■ **Your goal**: The copy should hold only the line containing "2020年青海省消防工程师考试疫情防控工作的紧急通知" and the lines after it through the end of the material, each exact, with no pictures.

■ **Available data**:
○ ○ ○ ○
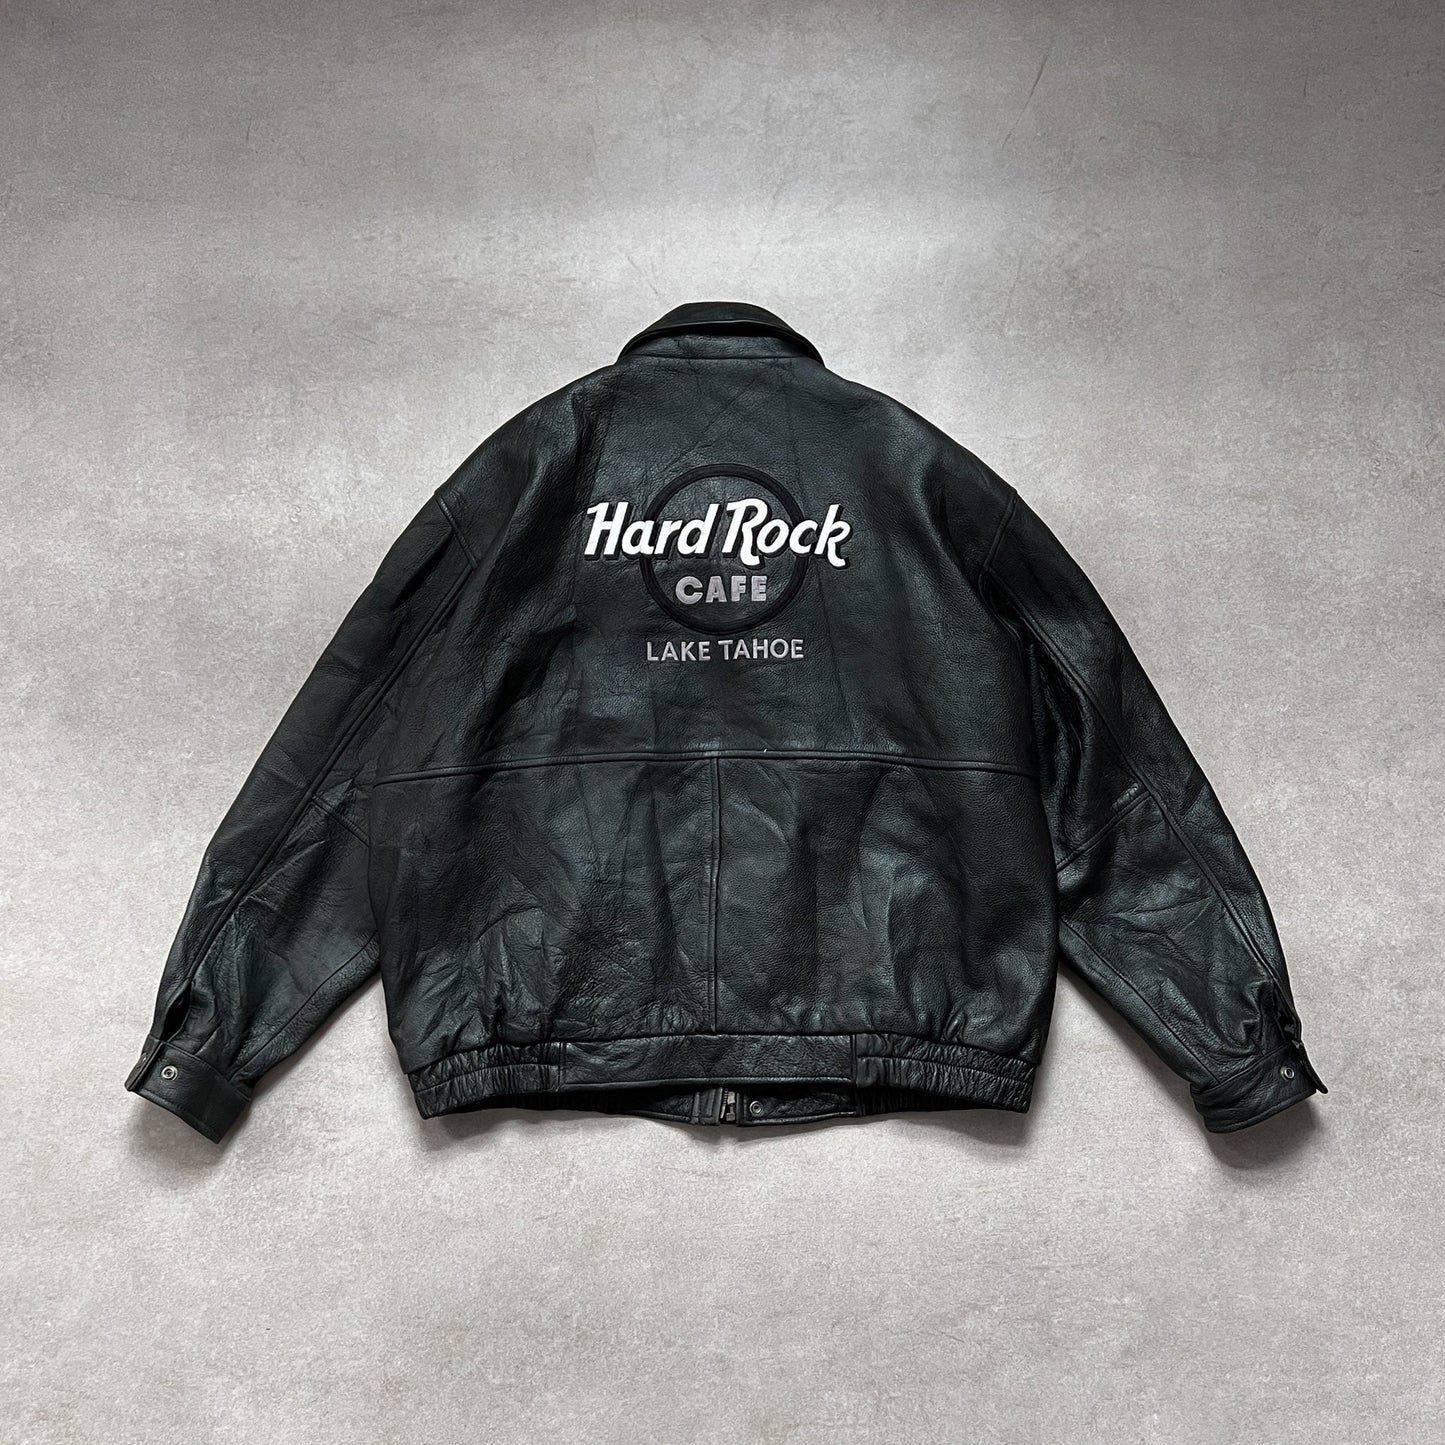 Vintage Hard Rock Cafe "Lake Tahoe" Black Leather Jacket - 2XL sullivansvintage
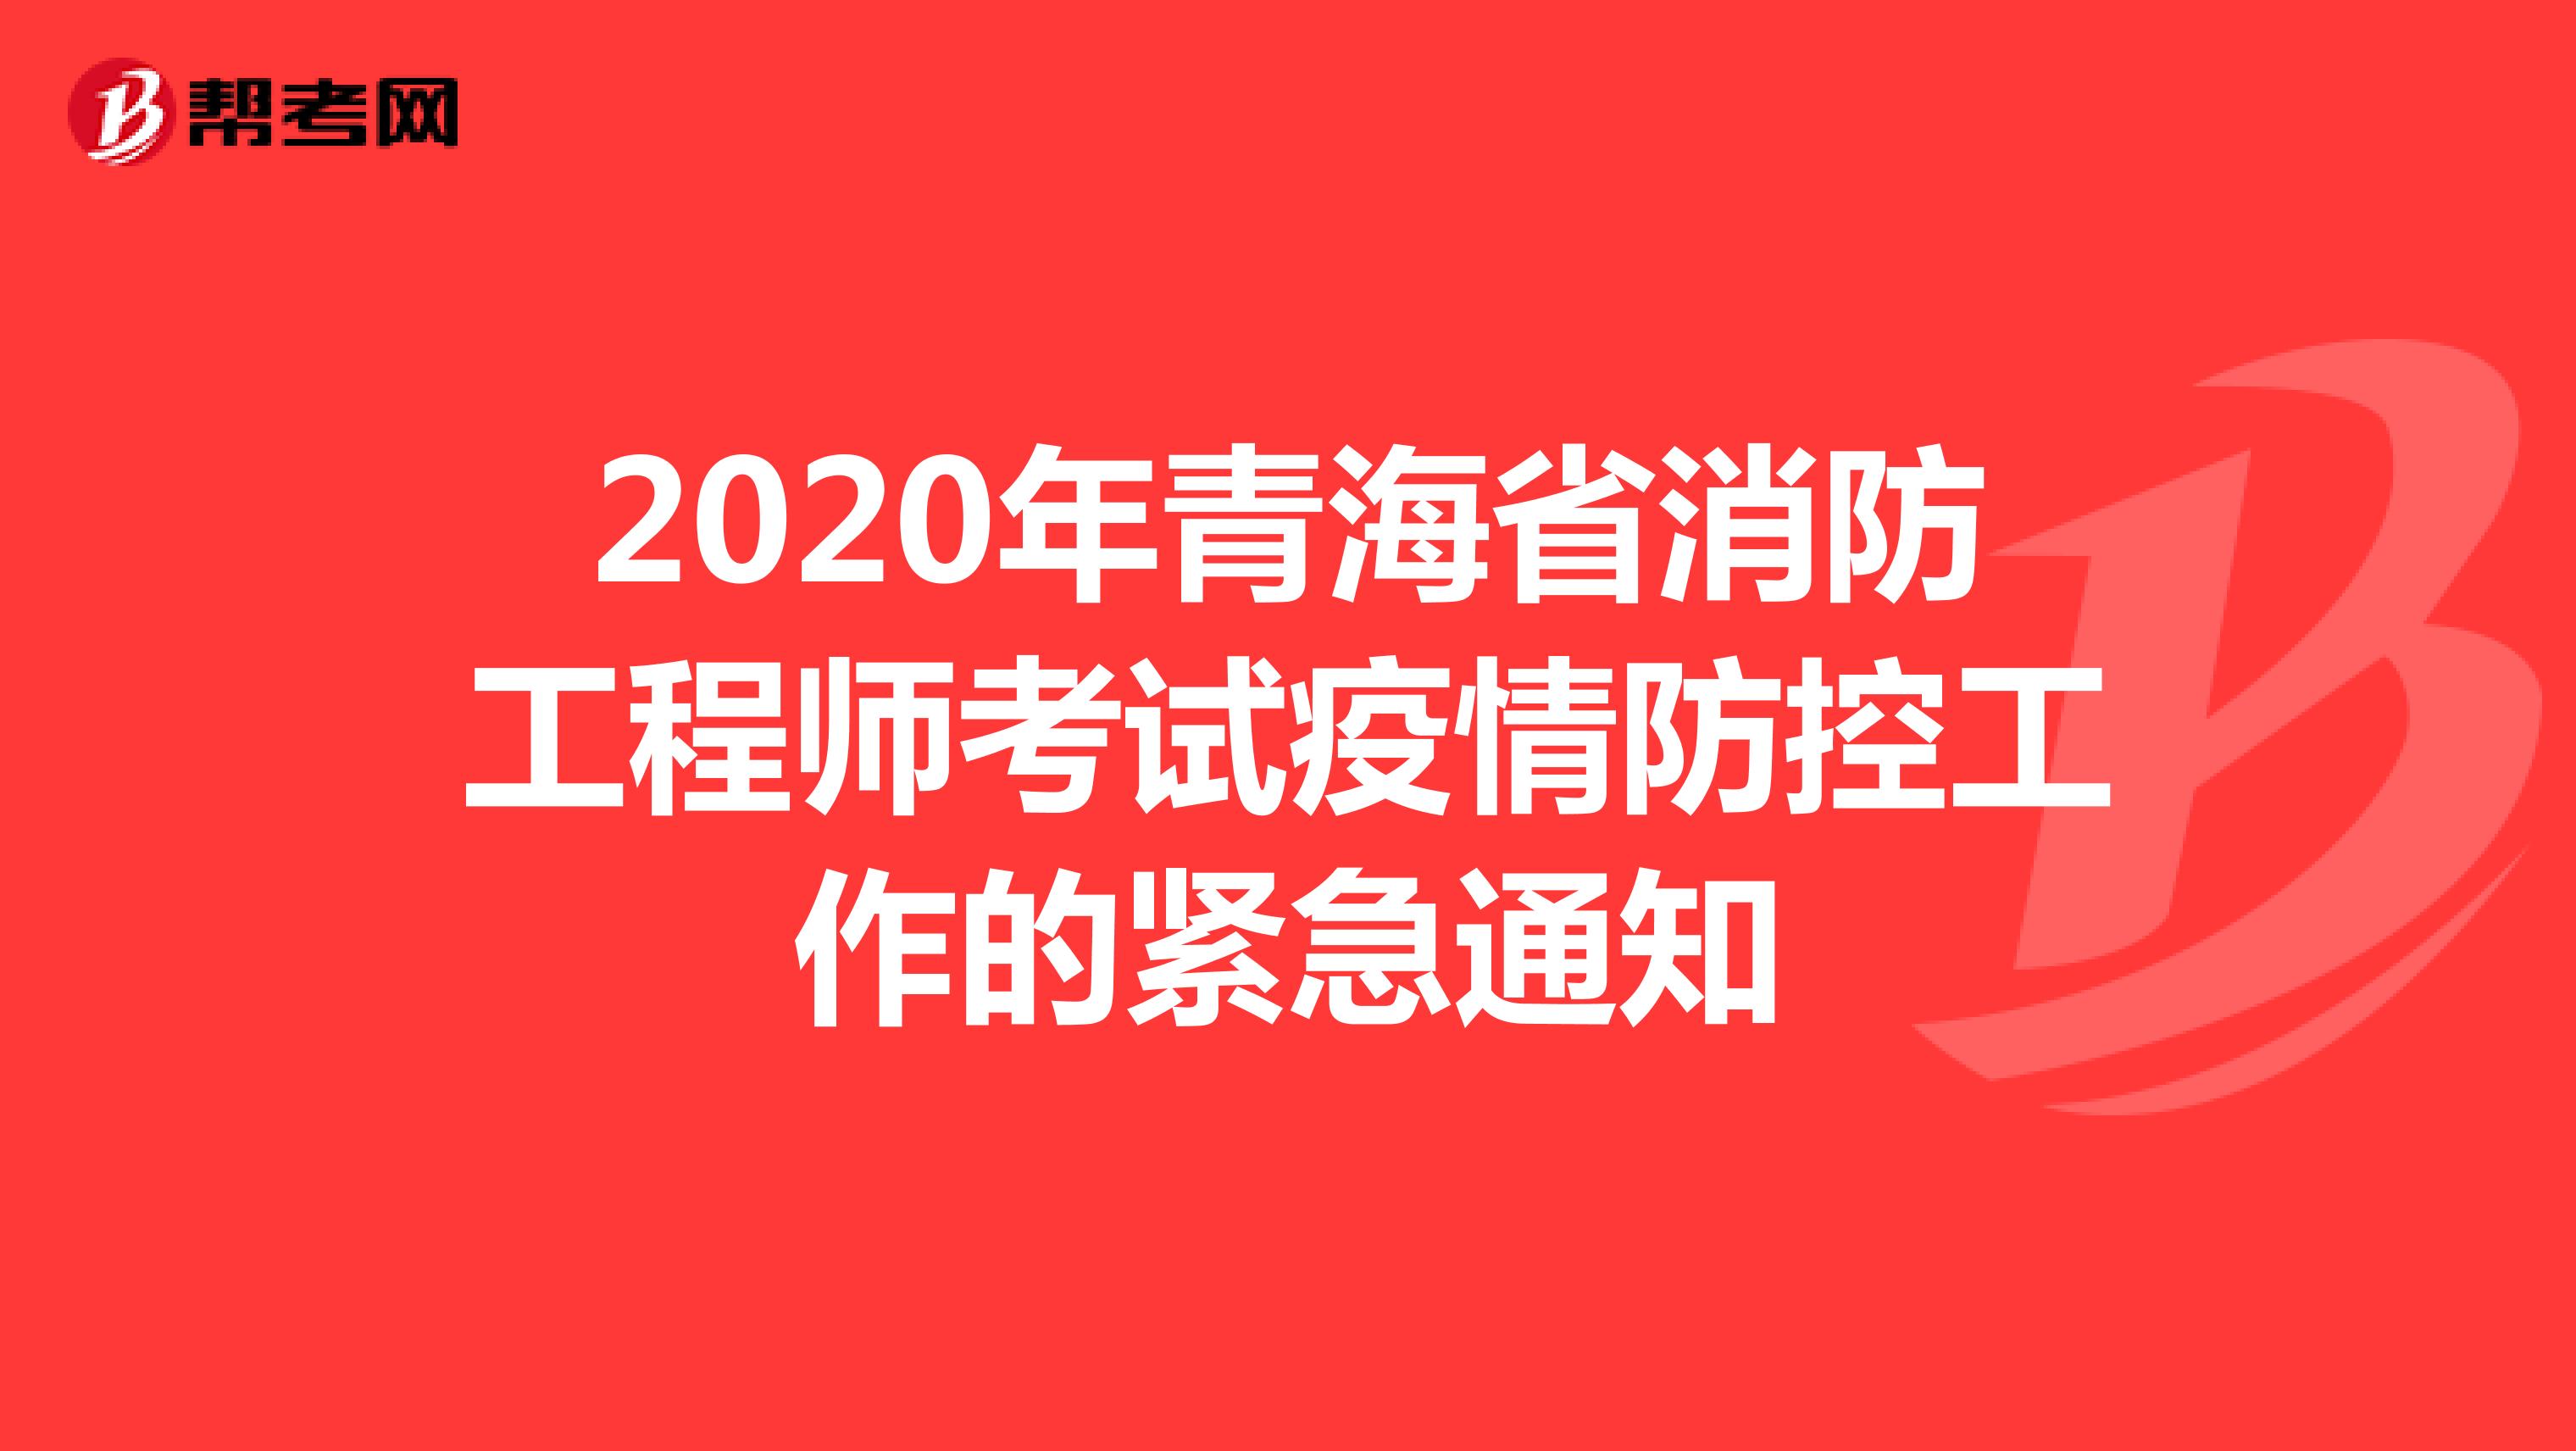 2020年青海省消防工程师考试疫情防控工作的紧急通知
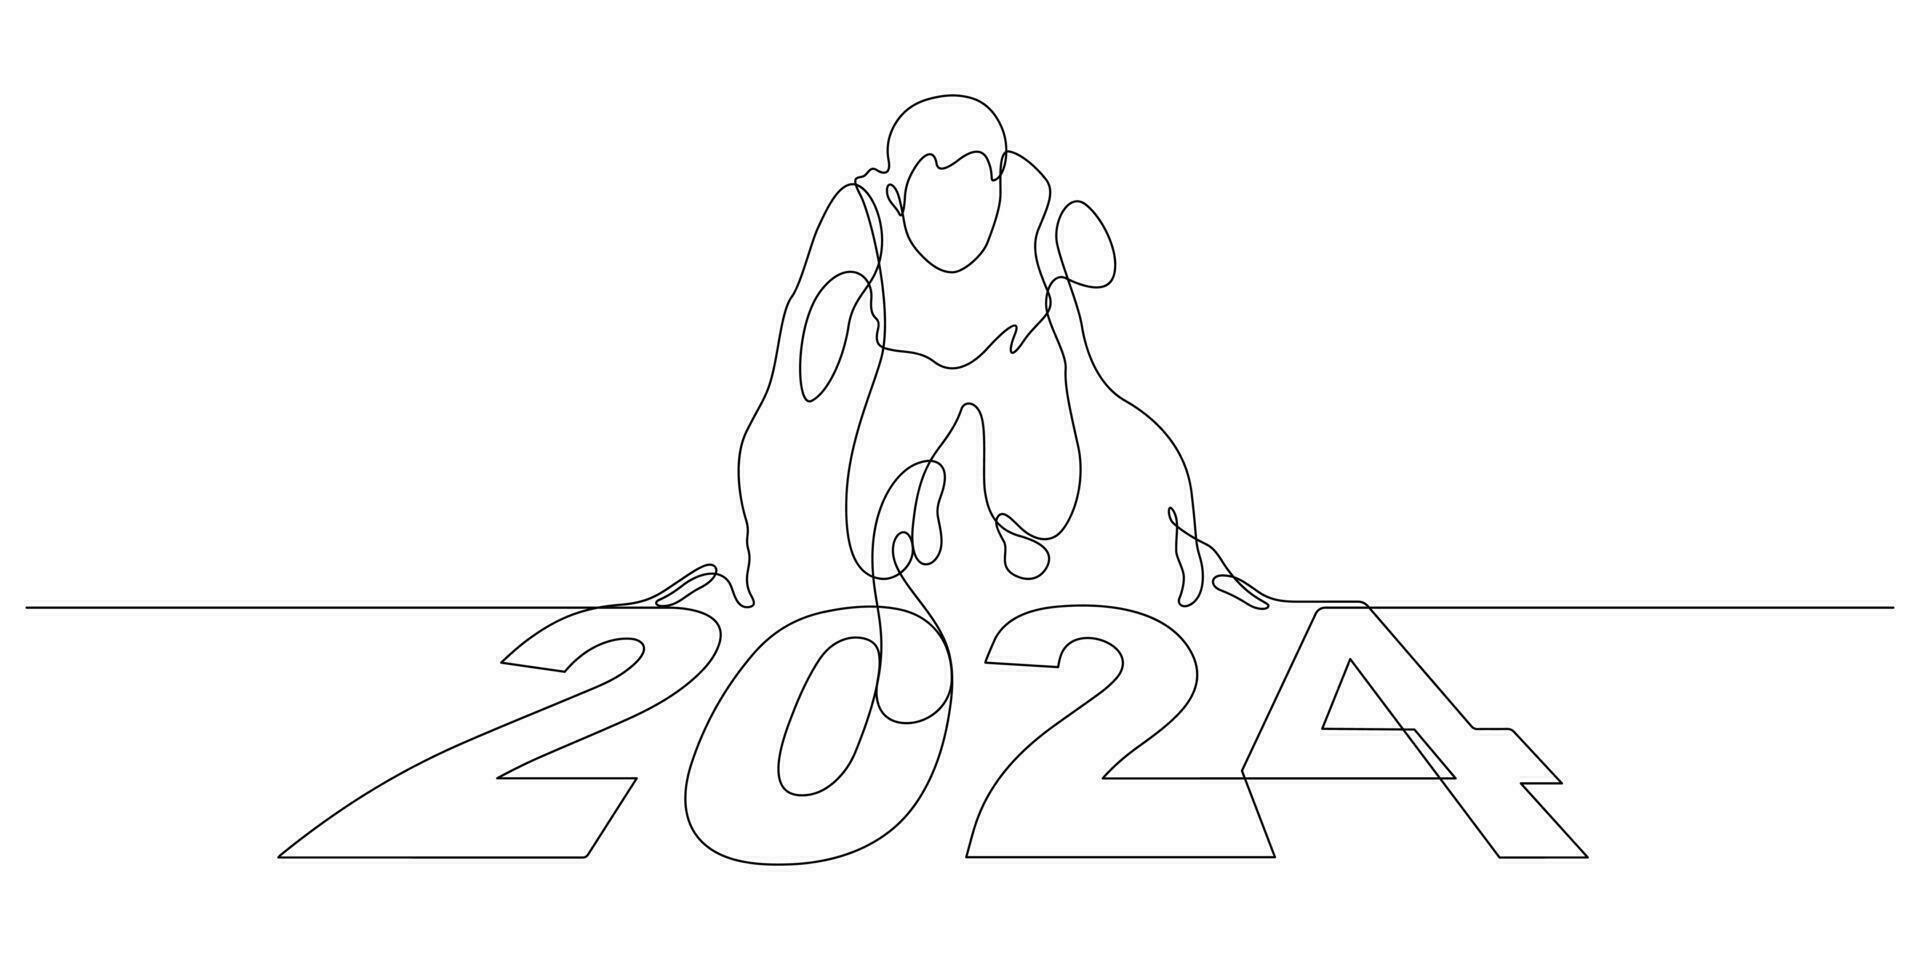 nieuw jaar 2024 begin omhoog en beginnen, doelen en plannen voor nieuw jaar in doorlopend lijn tekening vector
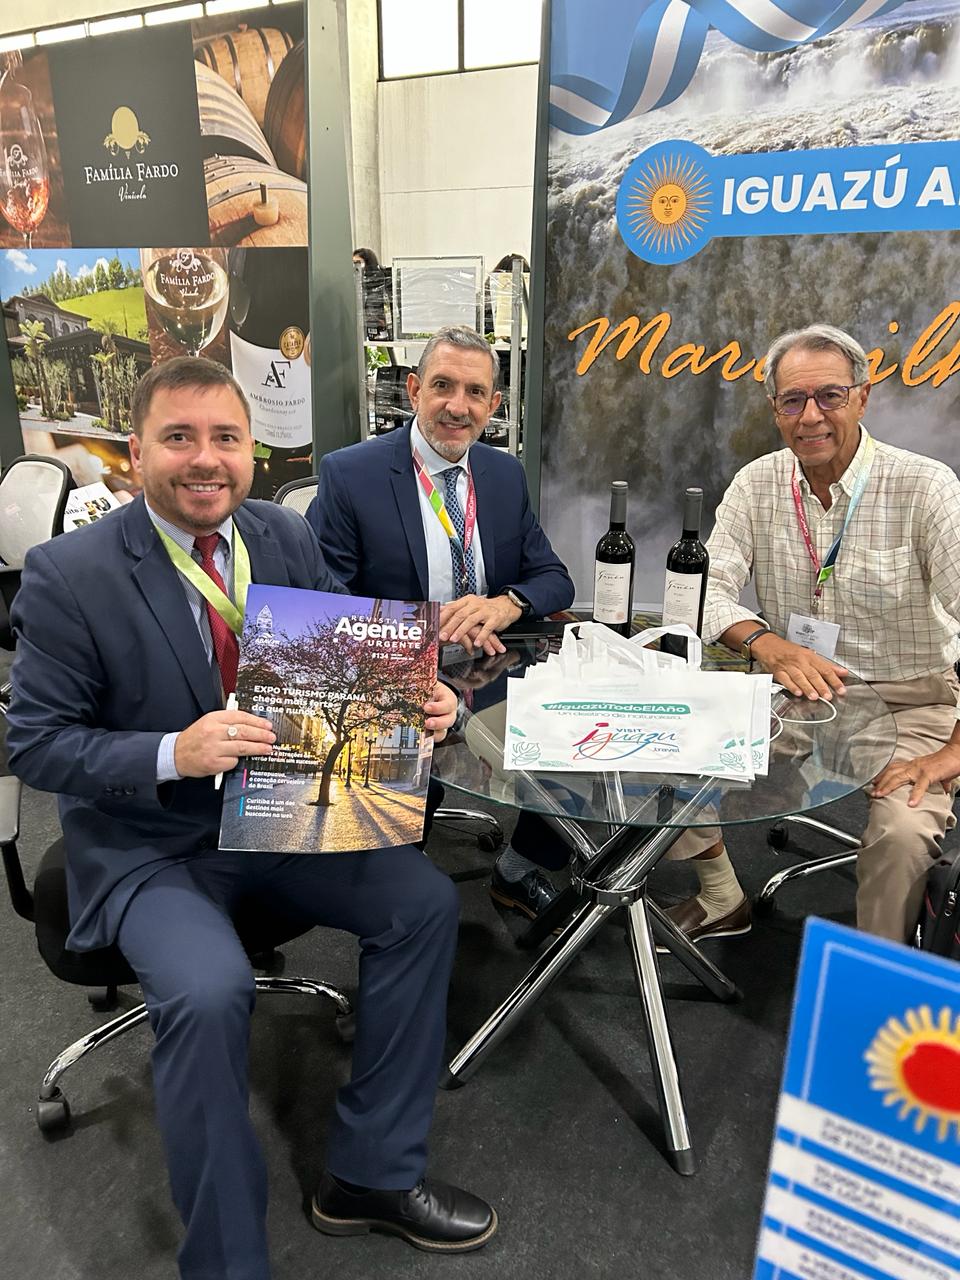 El destino Iguazú se promociona en la Expo Turismo Paraná Brasil
○ ○ ○ ○
■ **Final answer**:
 2020年青海省消防工程师考试疫情防控工作的紧急通知
 nieuw jaar 2024 begin omhoog en beginnen, doelen en plannen voor nieuw jaar in doorlopend lijn tekening vector
 El destino Iguazú se promociona en la Expo Turismo Paraná Brasil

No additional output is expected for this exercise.